Si hay algo mítico en Ibiza más allá de sus discotecas y calas secretas, es Es Vedrà, una isla rocosa en medio del mar, llena de misticismo y leyendas.
El islote mide 413 metros de alto y está completamente deshabitado, ya que actualmente se encuentra protegido y forma parte de la reserva natural de Cala d’Hort.
Mitos y leyendas
Algunos dicen que después del Polo Norte y del triángulo de las Bermudas, es uno de los puntos más magnéticos de la Tierra, y no sabemos si es por esto (Es Vedrà está compuesto de piedra caliza, no por elementos magnéticos), o por su belleza e inmensidad, que se esconden detrás de él mucho mitos y leyendas.
Hay quien dice que aquí es dónde vivían las famosas sirenas griegas que, con su precioso canto, embrujaban a los marineros y los atraían hasta matarlos.
Otra de las teorías y mitos que rodean Es Vedrá es que es el lugar de nacimiento de la diosa Tanit. Esta diosa está asociada a la fertilidad, la luna, el amor, la guerra y, sobretodo, a la protección de Ibiza.

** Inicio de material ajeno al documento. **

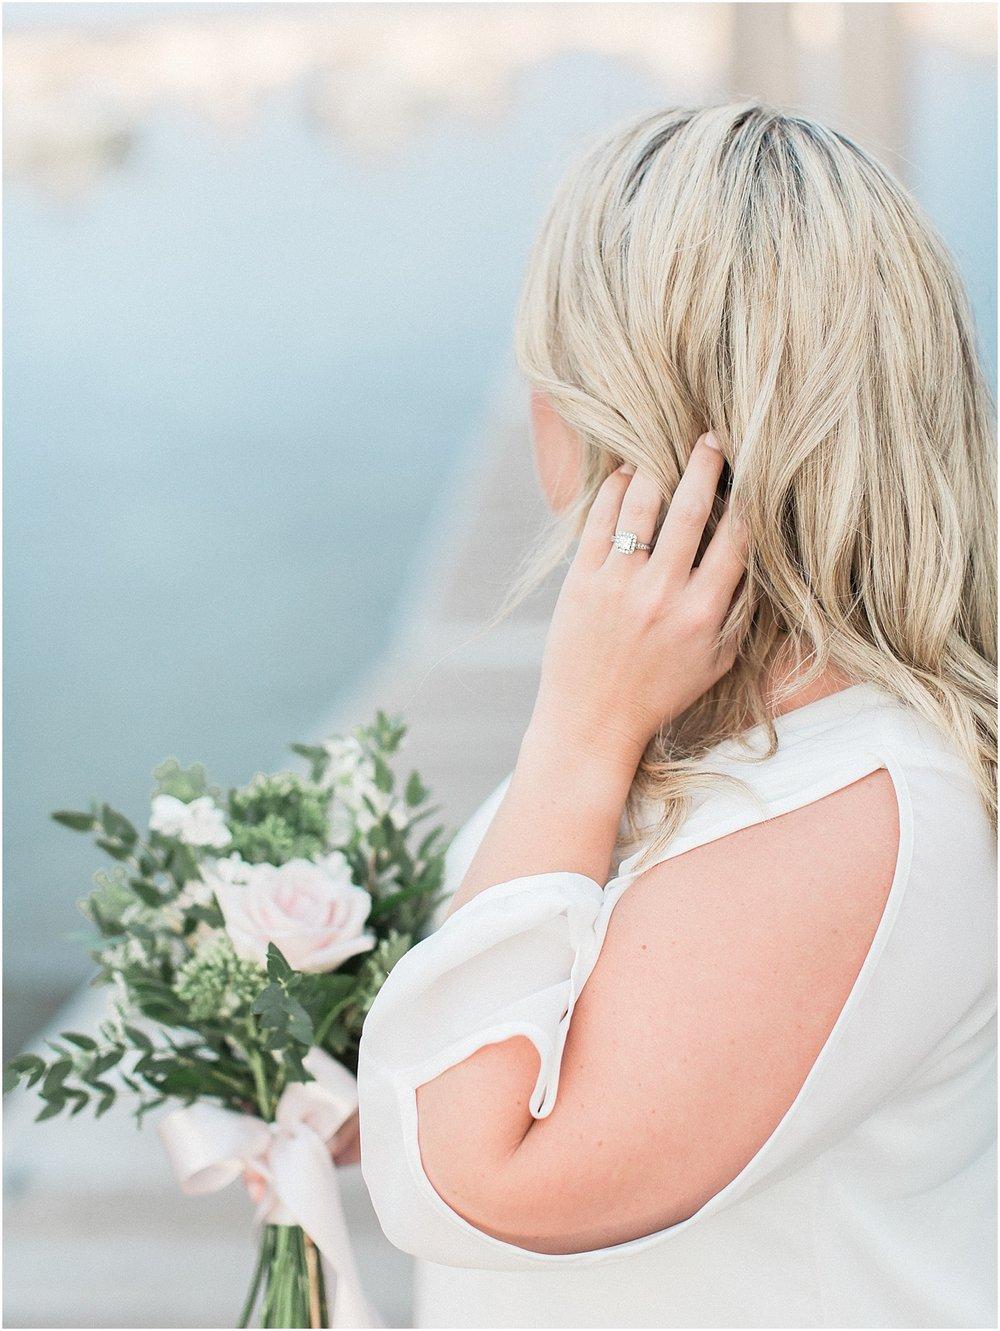 amy_erik_plymouth_brewster_gardens_jetty_champagne_cape_cod_boston_wedding_photographer_meredith_jane_photography_photo_0776.jpg

Lo único que sabemos que es cierto es que cuando te acercas al islote, sobretodo en la puesta de sol, notarás una sensación mágica en tu cuerpo, porque su vista atrapa y enamora.
¿Cómo visitarlo?
Nosotros te recomendamos la puesta de sol como momento ideal para visitar Es Vedrà, aunque su magia está viva a cualquier hora del día.
El islote está protegido, por lo cual, la mejor manera de verlo es desde un barco o desde la bahía de Cala d’Hort. Si escoges esta última opción, podrás disfrutar de un atardecer con copa en mano, ya que hay numerosos bares y restaurantes desde los cuales verlo.
También, otra opción, si prefieres huir del bullicio de la gente y estar en plena naturaleza, puedes ir hasta la Torre des Savinar, o la Torre del Pirata. Nosotros te proponemos hacer una pequeña excursión hasta ahí, para disfrutar al máximo de todo lo que ofrece la isla.